We are intereted in 3 values: 
* The parameter value it self, in our exemple the value a
* The P-value, it shows the statistical significance of our parameter, in simple words: 'Is my value random?'
* The R^2 value, it shows how much this LM can explain my data
* The Correlation between our parameter and the distance, if the parameter increase 1 point what happens to the distance?

In [None]:
# auxiliar array
aux = []
# same trick to ignore ours parameters
for name in clean.columns:
    if name in ['distance','ID','beta','delta','%delta'] :
        continue
    
    # formula for the linear model
    # this notation can be read as 
    # distance is proportional to parameter name
    # we are interested in find this proportion
    formula = "Q('distance') ~ Q('"+name+"')"

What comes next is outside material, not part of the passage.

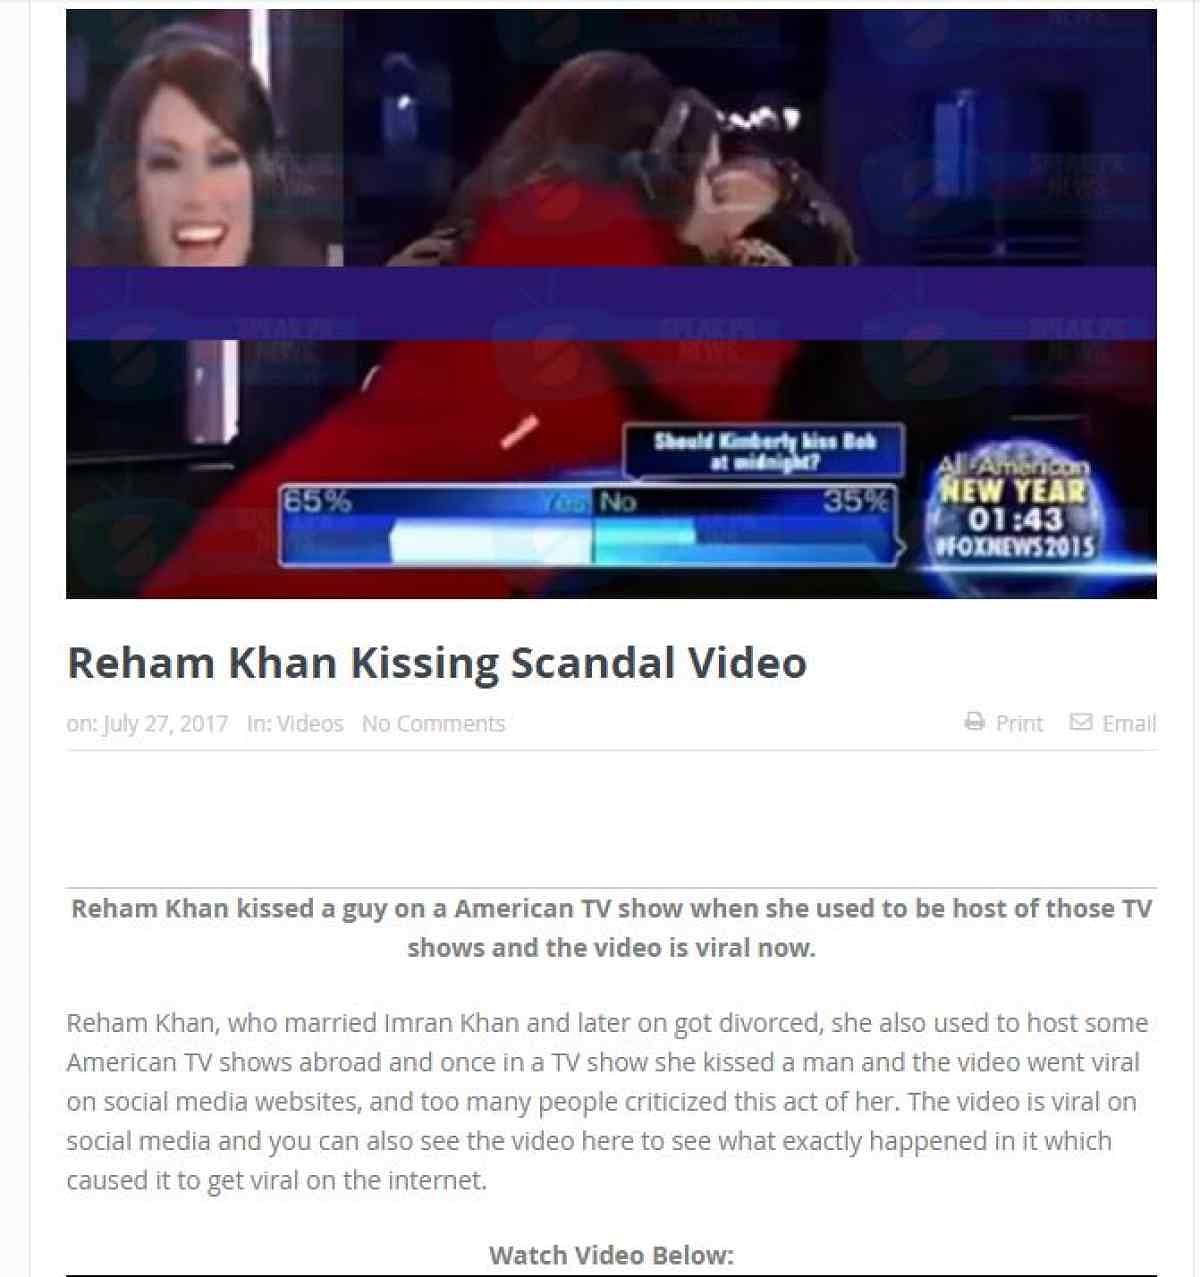 वीडियो में दावा किया जा रहा है कि रेहम खान ने एक अमेरिकी टीवी शो के दौरान एक शख्स को किस कर लिया.
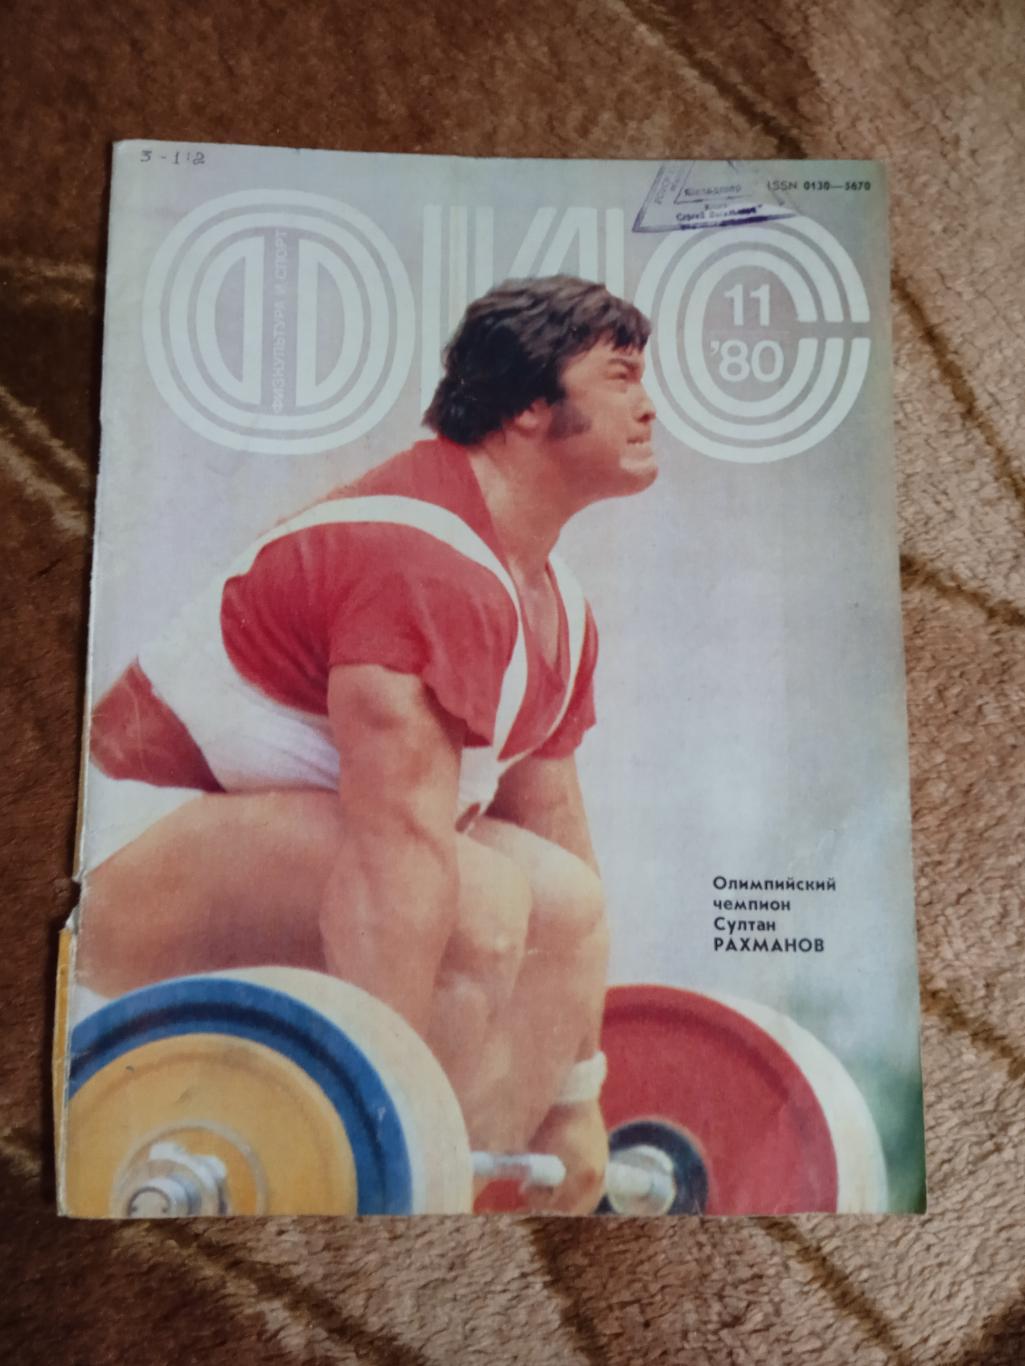 Постер.Тяжелая атлетика.С.Раманов.Журнал ФиС 1980 г.

    model = smf.ols(formula,data=clean)
    # if the Number of OBServations is lower than ha
    if model.nobs < len(clean)/2:
        continue
        
    results = model.fit()
    
    #insert R^2 values in aux array with the parameter name
    aux.append((results.rsquared, name))
    #The Real Values of the Parameters
    print(results.params)
    #The P-value between 0 and 1, 0 is better
    print(results.pvalues)
    print(' ')
    #Pearson Correlation - Correlation
    print('pearson correlation distance and '+name,clean[name].corr(clean['distance'],method='pearson'))
    
    # Spearman Correlation - Correlation - with more robust approach to non linearity
    print('spearman correlation distance and '+name,clean[name].corr(clean['distance'],method='spearman'))
    print(' ')

    
#rank the array from greatest to lowest
aux.sort(reverse=True)
for mse,name in t:
    print(name,mse)